Chlorine is not used because its the safest or even the most effective means of treatment, its used because it is the cheapest means of treatment. In spite of all our technological advances over the 100 years we still essentially pour bleach into our water before we drink it. The long term effects of chlorinated drinking water have just recently been documented. It is not uncommon to find more chlorine in tap water than is recommended safe for a swimming pool." (Source)

It poses a problem for me because I have sworn off bottled water (for the most part) due to the enormous strain of millions of bottles on our landfills. I was buying Aquafina, which is processed by reverse osmosis, which filters out most things including chlorine. What kind of water do you drink, even if you don't have a thyroid problem?


  1. Insane isn't it? We are actually hoping to get a grant to help my sister get a water filtration system for her house. She's battling stage 4 pancreatic cancer.. and the effects of "city water" is huge. You not only absorb it when you consume it.. but also bathing in it. Right now all the water she uses is distilled.. ALL the water.. for washing anything, bathing, drinking, etc.

    A lot of this stuff isn't in the forefront of one's attention, until something goes wrong. Then it is a big wake up call and you realize how polluted our environment really is.

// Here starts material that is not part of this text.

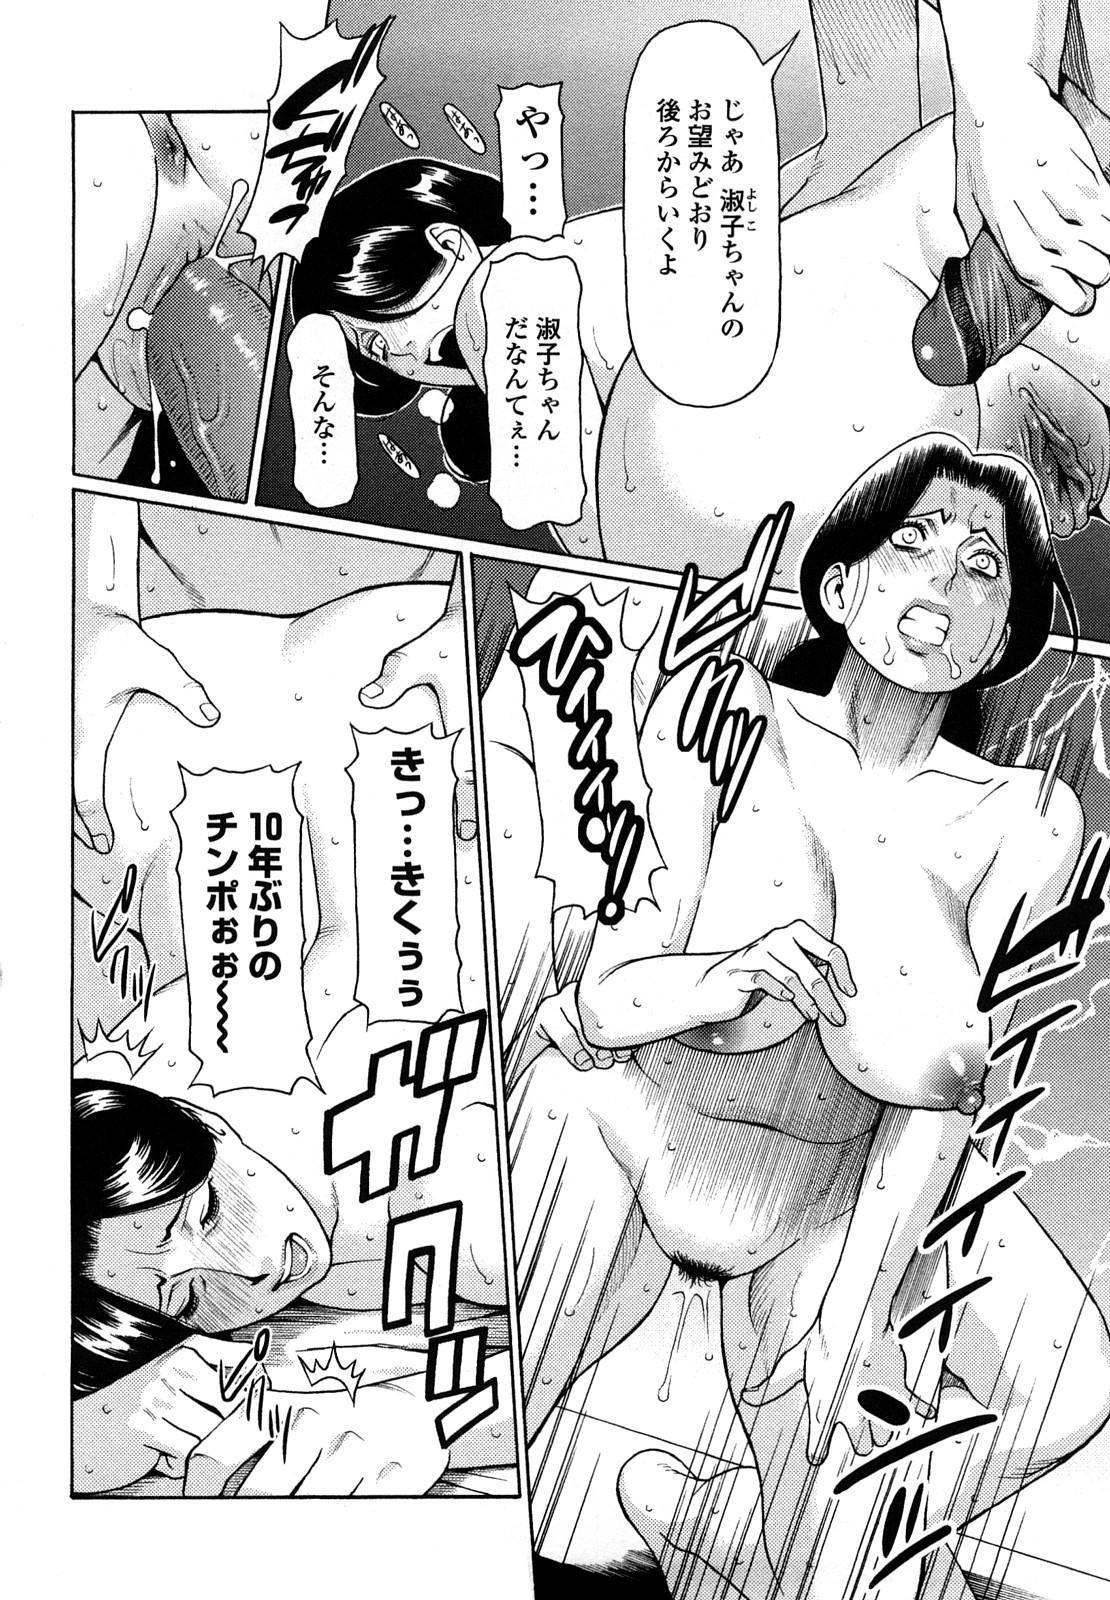 [Takasugi Kou] Kindan no Haha-Ana - Immorality Love-Hole [Decensored] 131

    Good luck with your thyroid.. now maybe your efforts to be healthier will be more fruitful!

  2. Thanks, Anne. Yes, it's one of those 'overlooked' facts that affect us all. Some areas are now using chloramine instead of chlorine because it's cheaper. It doesn't air out after sitting for 24 hours (or forever) like chlorine.

    I wrote about chlorinated shower water in the early days of this blog. Might be under 'Potable Water' label.

  3. Yep. After me and hubby moved to Philadelphia and drank the city water there for a couple of years we both 'mysteriously' became hypothyroid. We were getting the double whammy of chlorine and fluoride. Now we don't use fluoridated toothpaste, have a shower filter that removes the chlorine, and drink reverse osmosis water.

  4. I have to thank you again for your thoughtful and well-written articles. Thank you for making this type of information available and "consumable" by your readers. As I am also hypothyrodic and trying to manage my condition without medication, this has given me a lot to think about. Keep up the good work!

  5. Thanks. I'm always pleased if anyone else gets something from my posts!